| What needs to be done |
Return the listing below unchanged, except that the pictures are dropped.

| Information shown |
+--

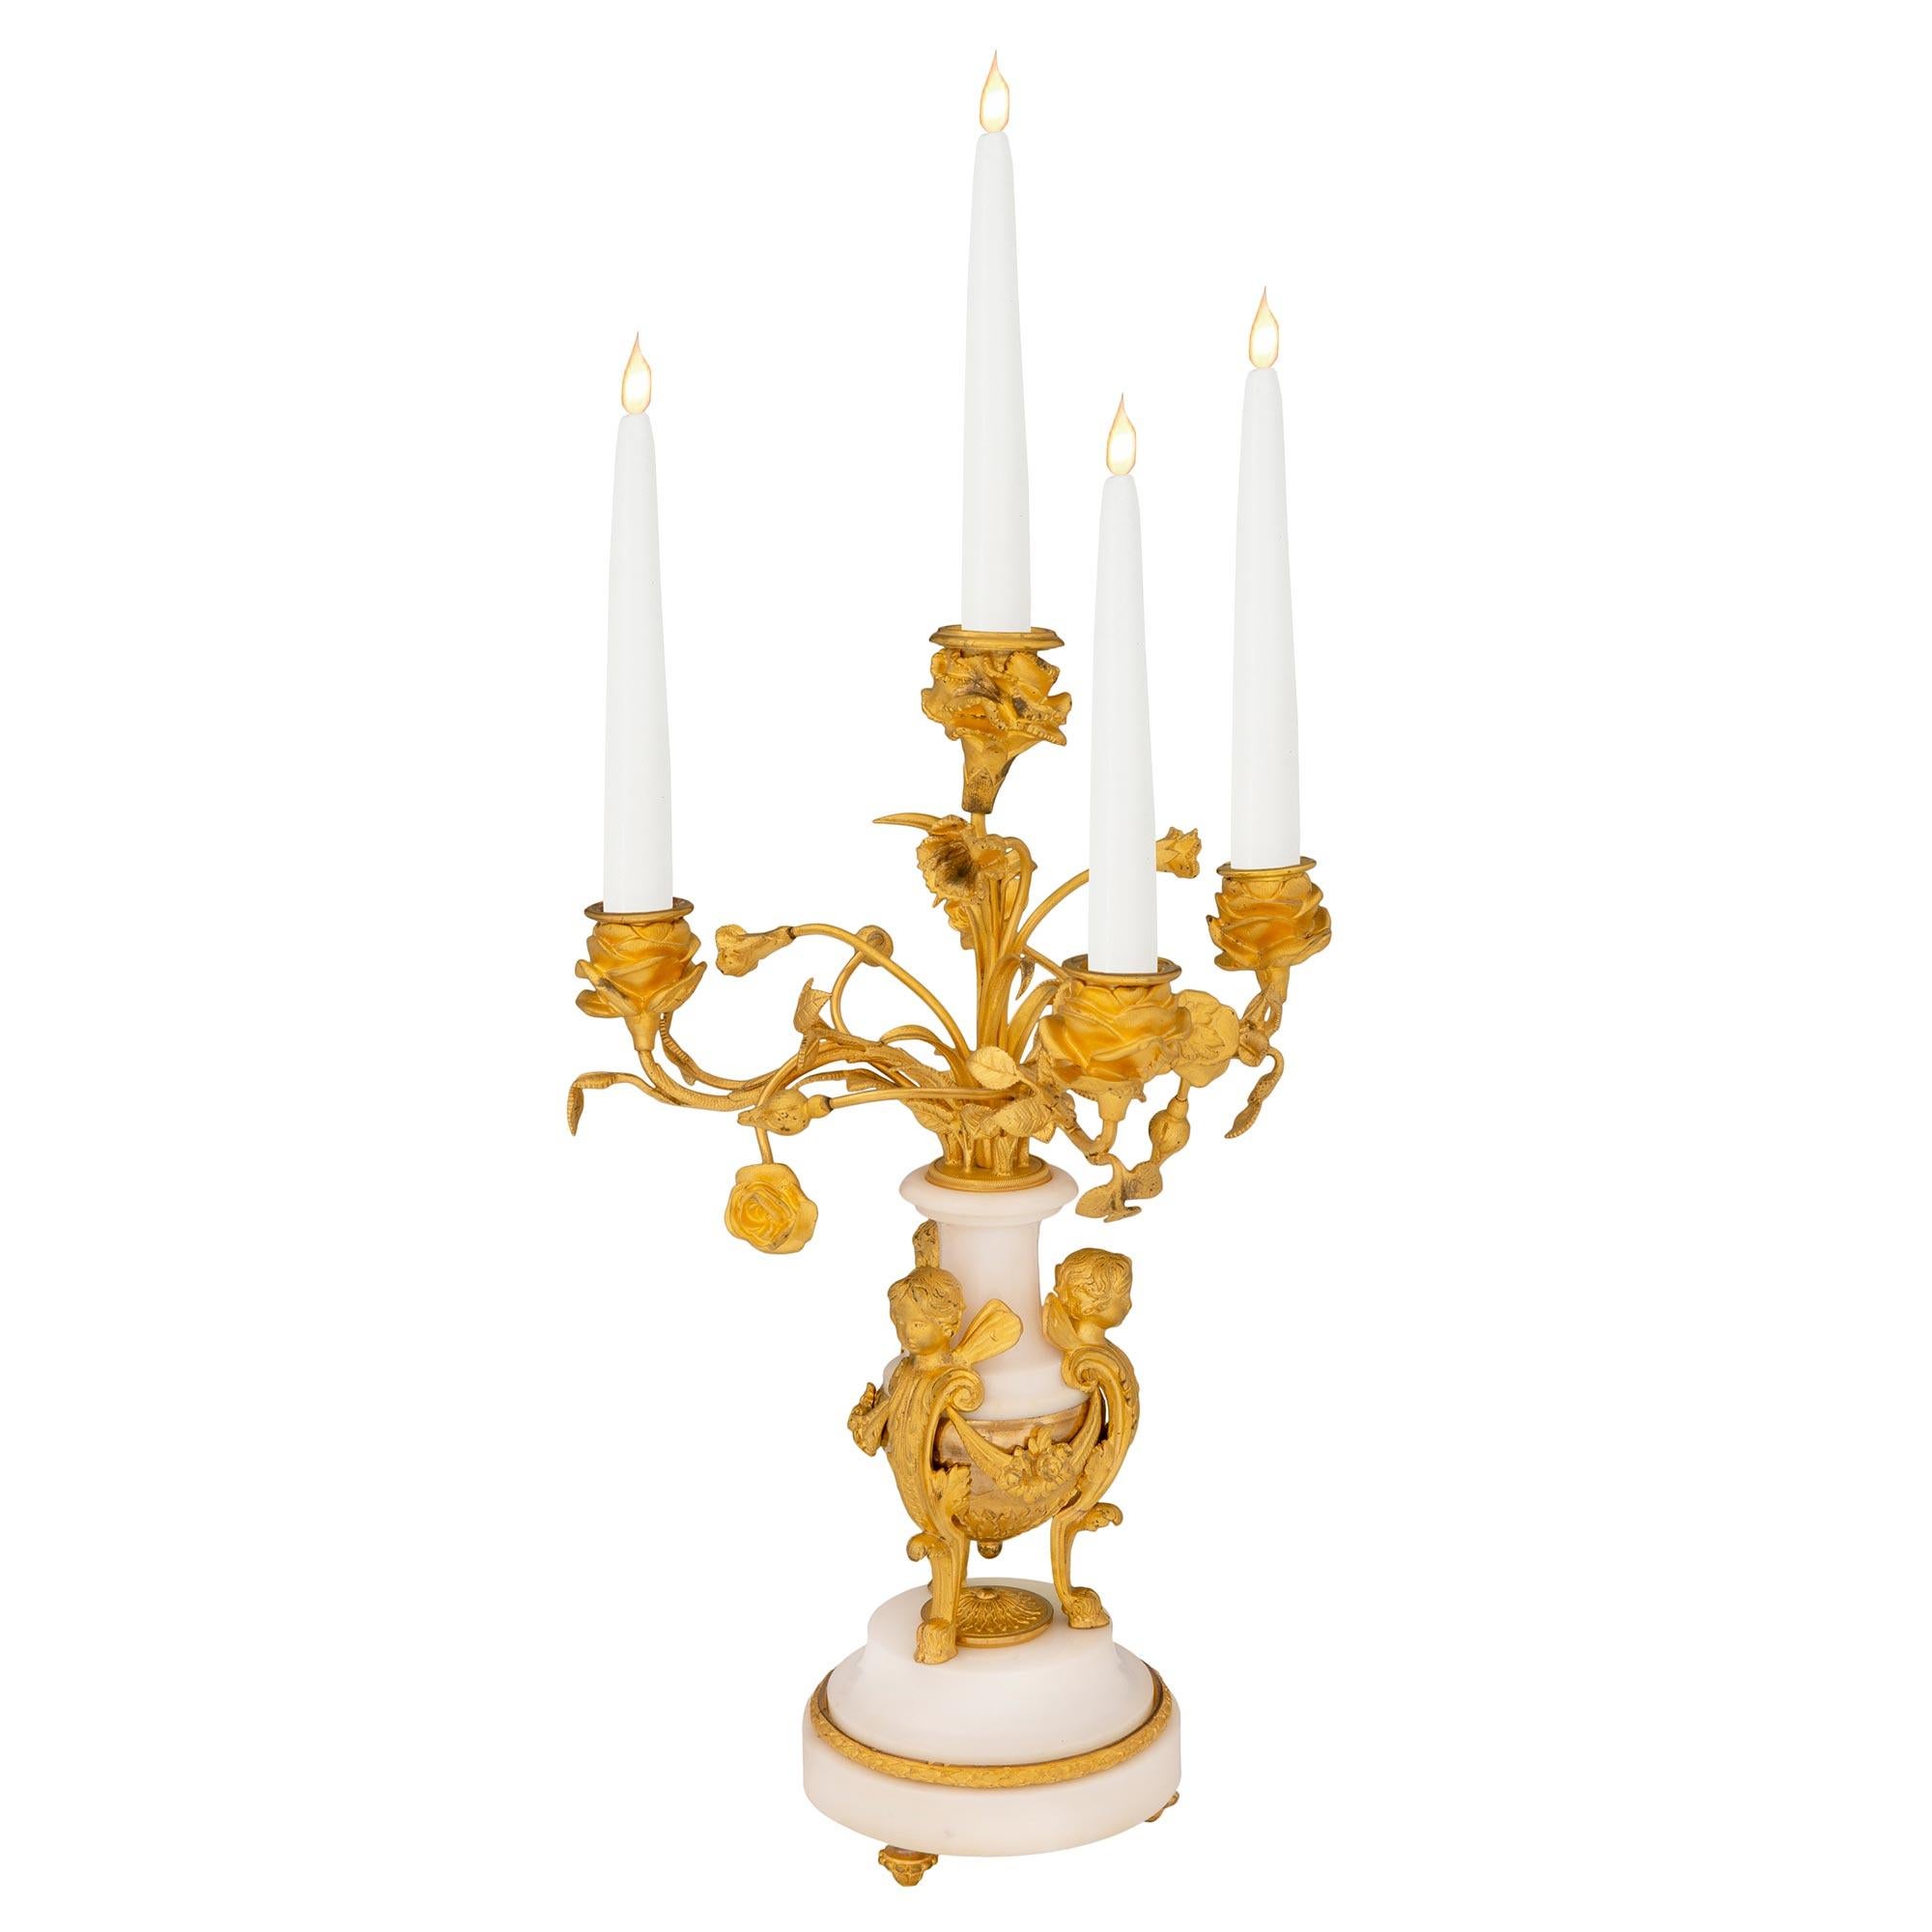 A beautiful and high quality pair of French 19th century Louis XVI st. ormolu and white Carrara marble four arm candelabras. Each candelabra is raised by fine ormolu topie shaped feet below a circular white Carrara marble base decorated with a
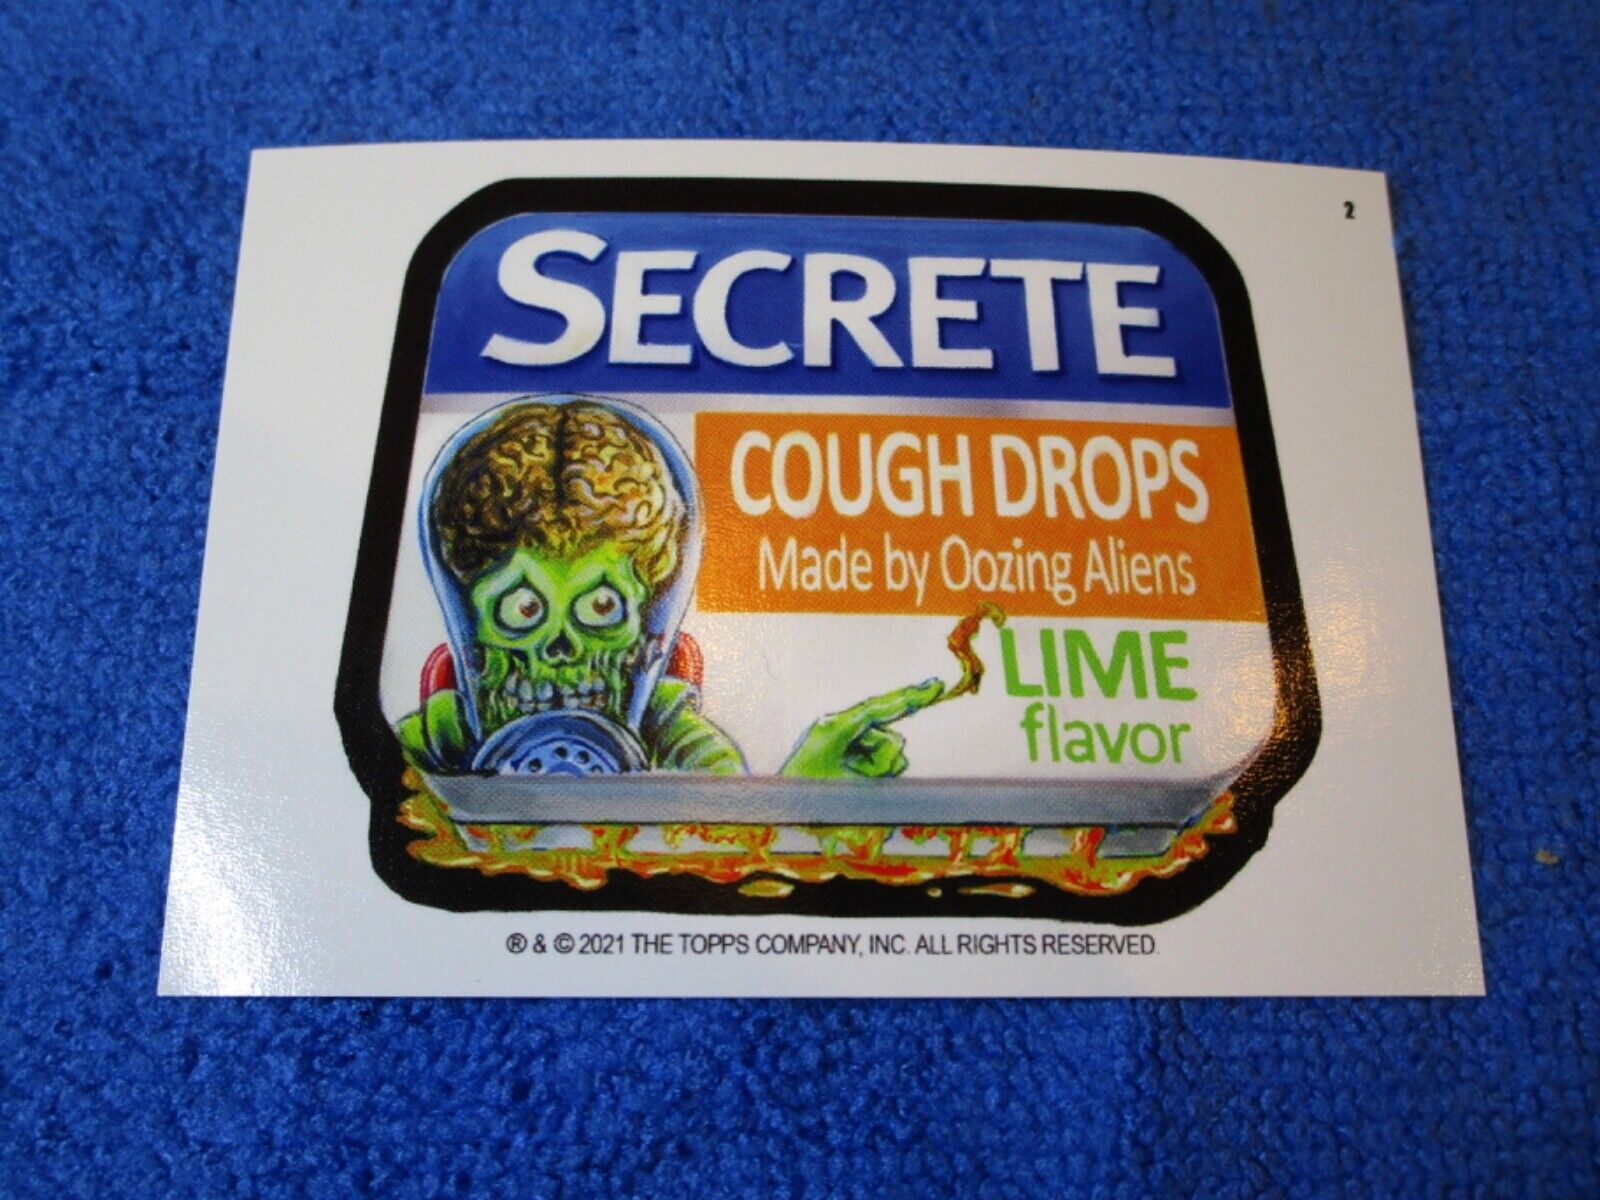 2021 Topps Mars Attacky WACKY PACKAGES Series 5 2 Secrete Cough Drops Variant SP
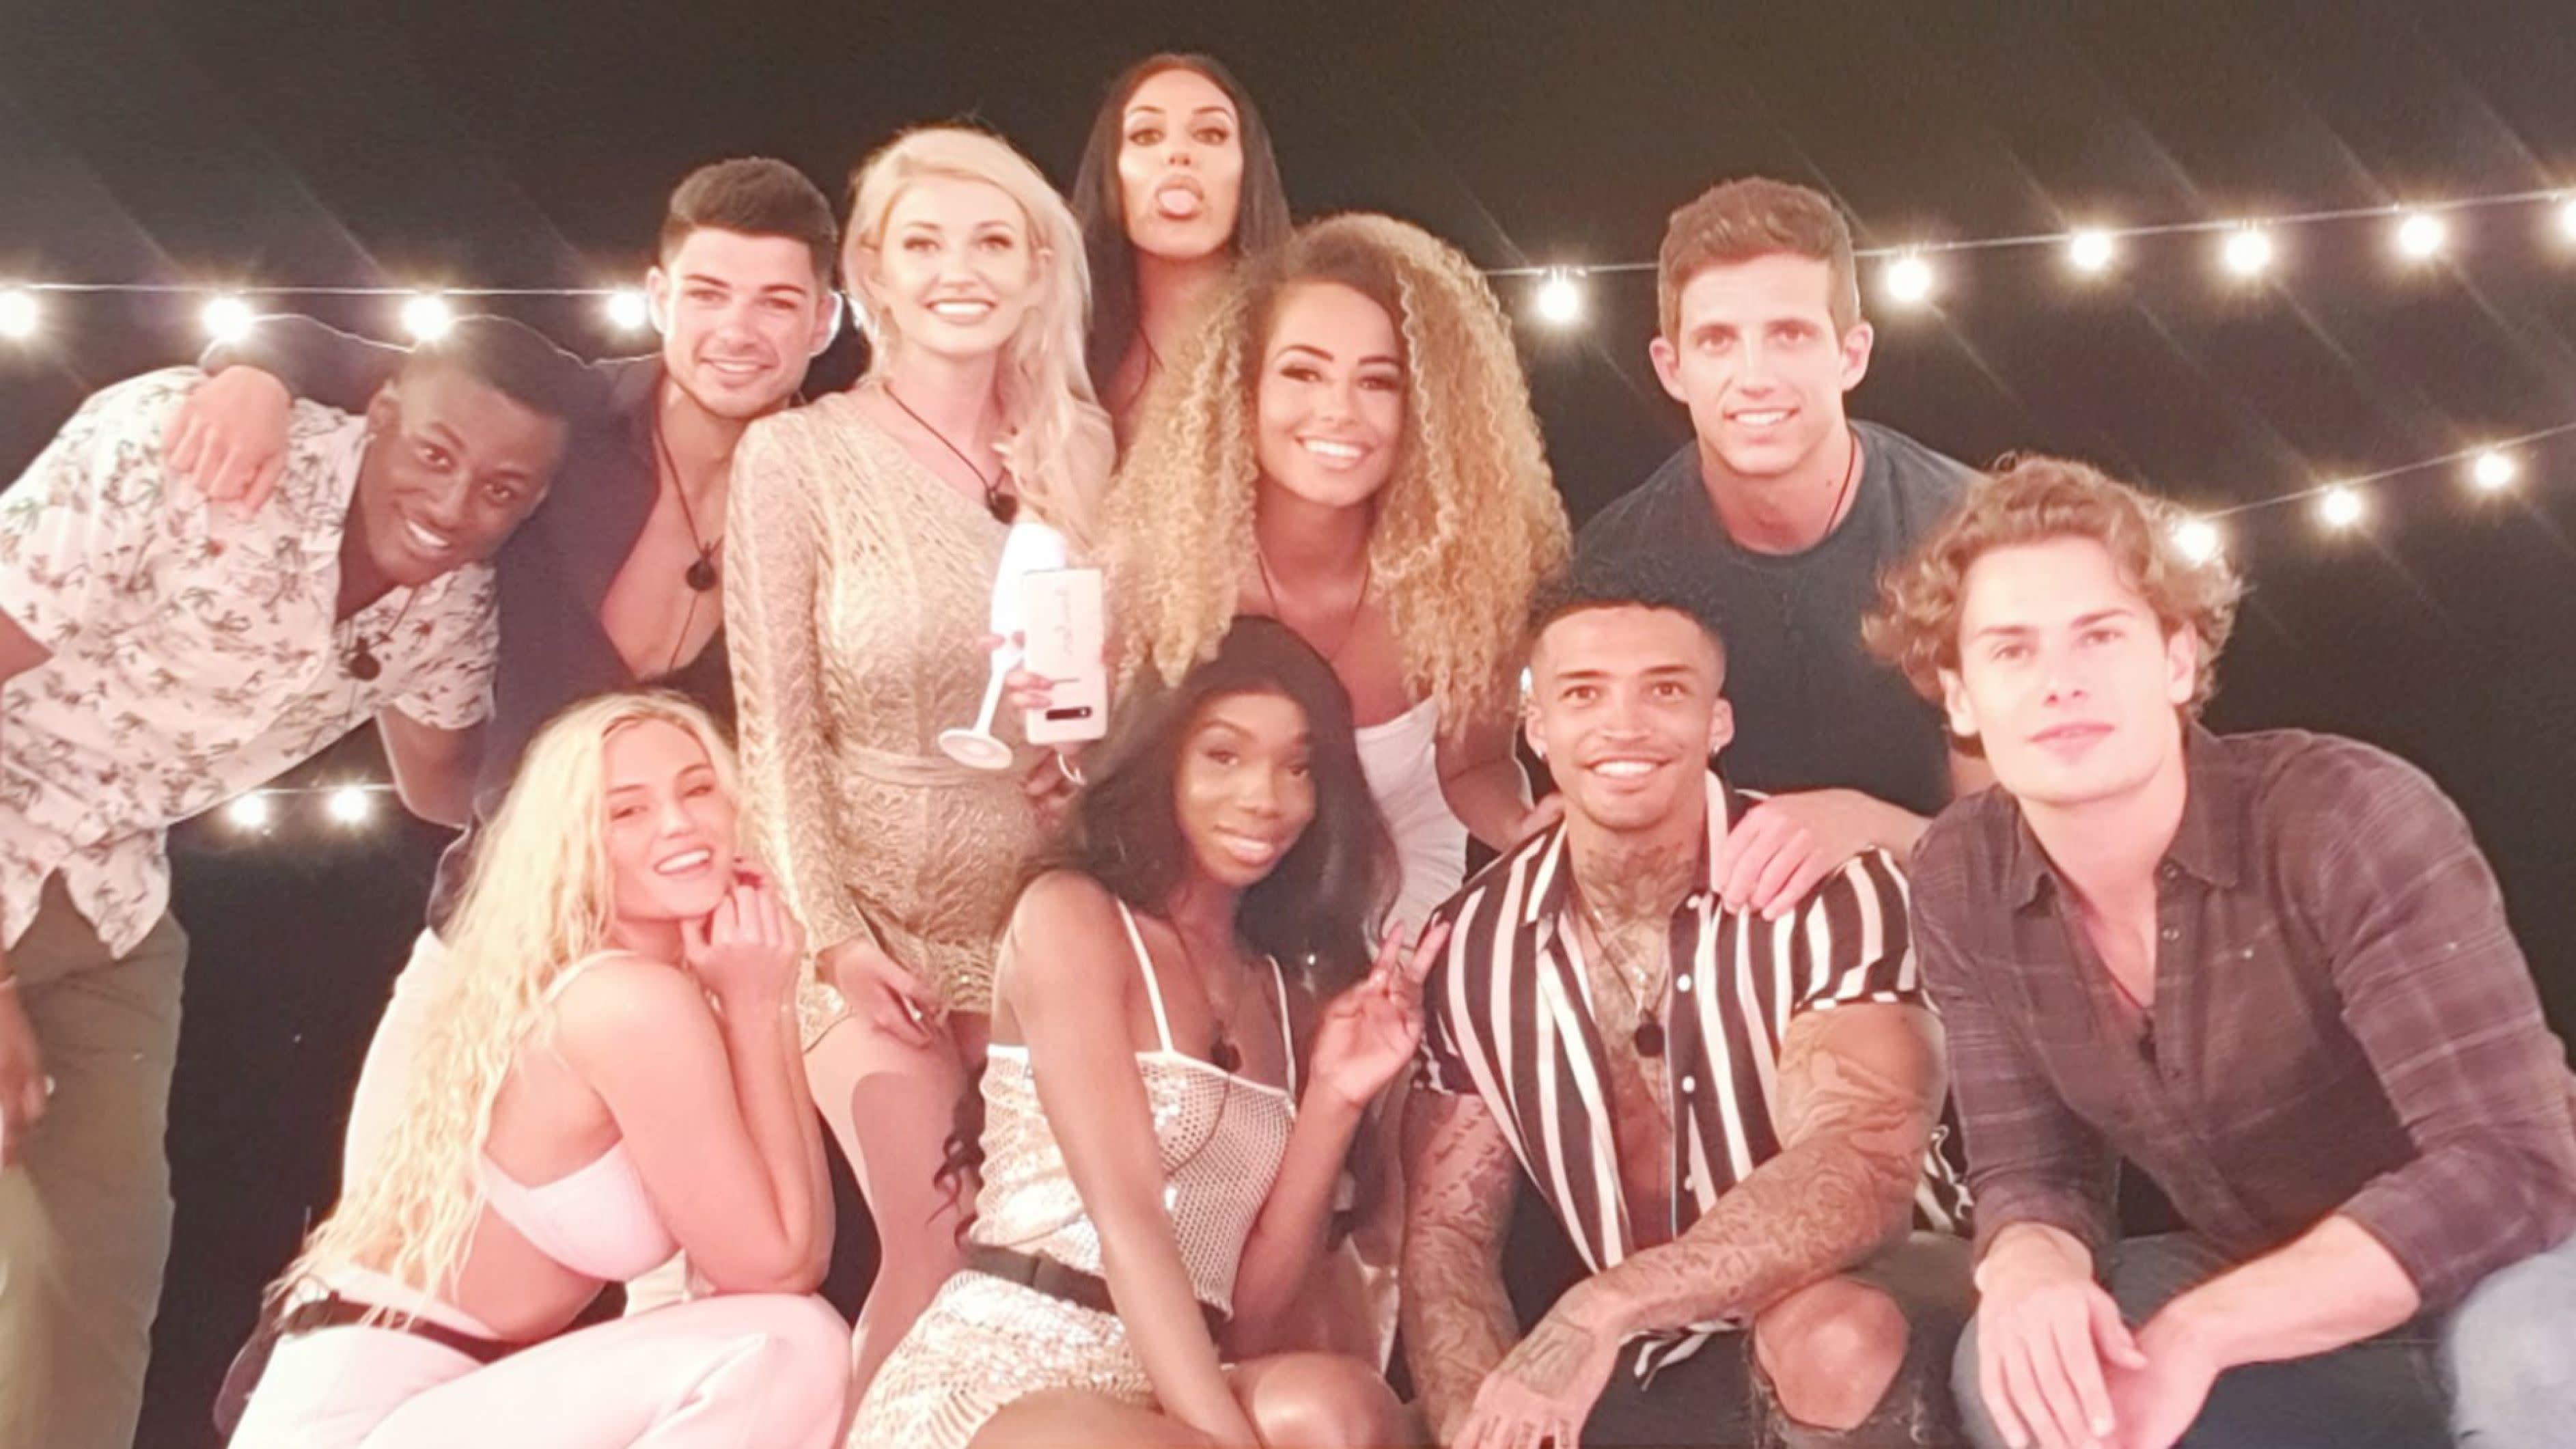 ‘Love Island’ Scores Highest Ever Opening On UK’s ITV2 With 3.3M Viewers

+--

| Exercise output |
 A beautiful and high quality pair of French 19th century Louis XVI st. ormolu and white Carrara marble four arm candelabras. Each candelabra is raised by fine ormolu topie shaped feet below a circular white Carrara marble base decorated with a
 2021 Topps Mars Attacky WACKY PACKAGES Series 5 2 Secrete Cough Drops Variant SP
 ‘Love Island’ Scores Highest Ever Opening On UK’s ITV2 With 3.3M Viewers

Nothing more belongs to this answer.